Nascer e Crescer vol.20 no.4 Porto  2011

 

Uma visão da abordagem da neutropenia

 

Luís Ribeiro1, Emília Costa1, Esmeralda Cleto1, José Barbot1

1 U. Hematologia Pediátrica, CH Porto

CORRESPONDÊNCIA

 

RESUMO

A documentação de neutropenia numa criança pode ser feita em contextos muito variados, que vão desde o achado ocasional até à infecção de gravidade extrema. Por outro lado, os diagnósticos etiológicos são muito diversos, podendo ser de natureza congénita ou adquirida, aguda ou crónica e primária ou secundária. Esta diversidade dificulta a sua abordagem, que deve ser feita de uma forma o mais possível protocolada mas ao mesmo tempo versátil. No presente texto, os autores procuram estruturar um raciocínio diagnóstico contemplando estas duas vertentes. Na parte final são abordadas algumas patologias que incidindo em idade pediátrica podem cursar com neutropenias mais ou menos importantes.

Palavras-chave: neutropenia, adquirida, congénita, criança.

 

An approach to neutropenia: a point of view

ABSTRACT

Neutropenia in a child can be diagnosed in quite varied contexts, ranging from the occasional finding to the extreme serious infection. Additionally etiology may be congenital or acquired, acute or chronic and primary or secondary. This diversity raises difficulties in the strategy of management, that should be protocol but also flexible. In this paper, the authors aim to structure a diagnostic approach considering these two aspects. The final section addresses some pathologies that may cause neutropenia in the pediatric population with more or less severity.

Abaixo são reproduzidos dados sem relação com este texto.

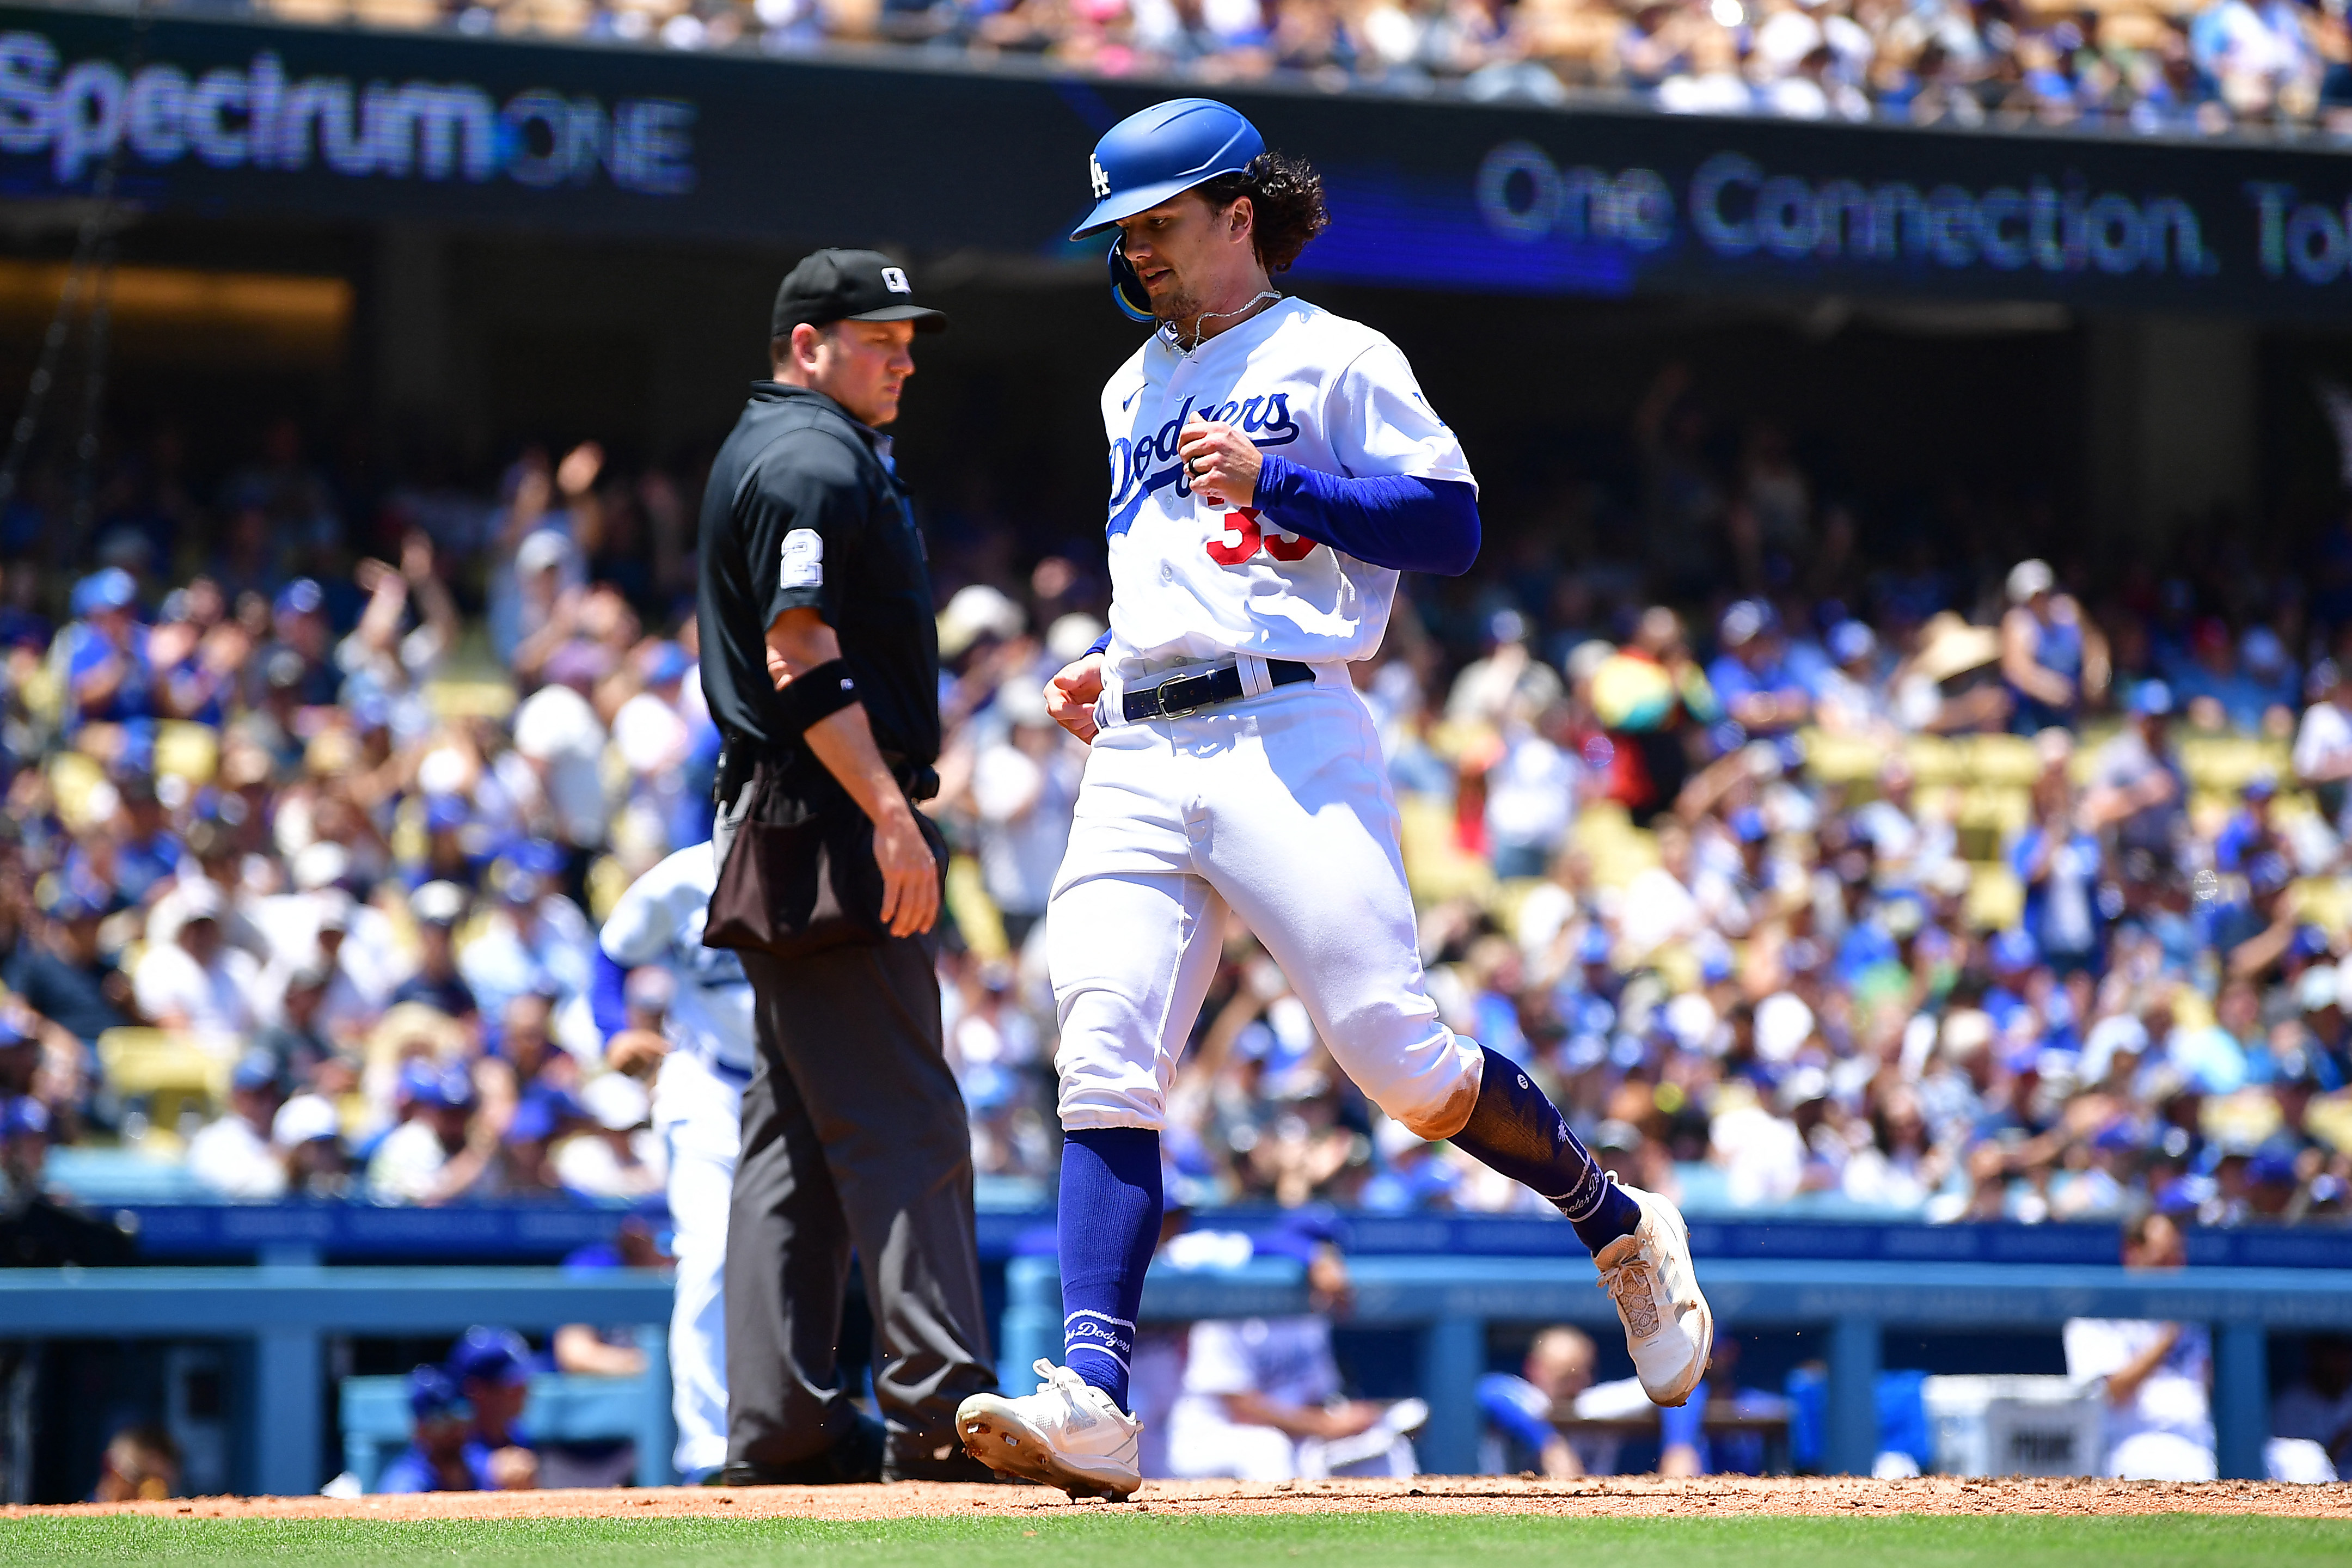 Five-run seventh propels Dodgers to 7-3 win over Twins

Keywords: neutropenia, acquired, congenital, child.

 

DEFINIÇÃO

Contagem do número absoluto de neutrófilos no sangue periférico inferior a dois desvios padrão da média para a idade (Tabela 1).(1,2) A contagem normal de neutrófilos também varia de acordo com o grupo étnico, estimando-se que pelo menos 3 a 5% das crianças de ascendência africana têm valores que se situam entre 1000 a 1500/ μL. (3)

 

Tabela 1 – Contagem normal de leucócitos (adapt. Ref. 2)

 

Relativamente ao tempo de evolução a neutropenia classifica-se como aguda (alguns dias) ou crónica (meses a anos). Em função do número de neutrófilos (> 1 ano de idade) considera-se ligeira (1000 1500/μL), moderada (500 1000/μL) e grave (< 500/μL).(3)

 

PATOFISIOLOGIA E CLASSIFICAÇÃO

O sistema fagocítico pode ser considerado como constituído por dois grupos de células principais: granulócitos (neutrófilos, eosinófilos e basófilos) e fagócitos mononucleares (monócitos e macrófagos tecidulares). Estas células são produzidas na medula óssea por um processo que se designa por mielopoiese. A mielopoiese é um processo complexo, dinâmico e altamente regulado, que requer factores de crescimento hematopoiéticos específicos e um microambiente medular próprio.(4)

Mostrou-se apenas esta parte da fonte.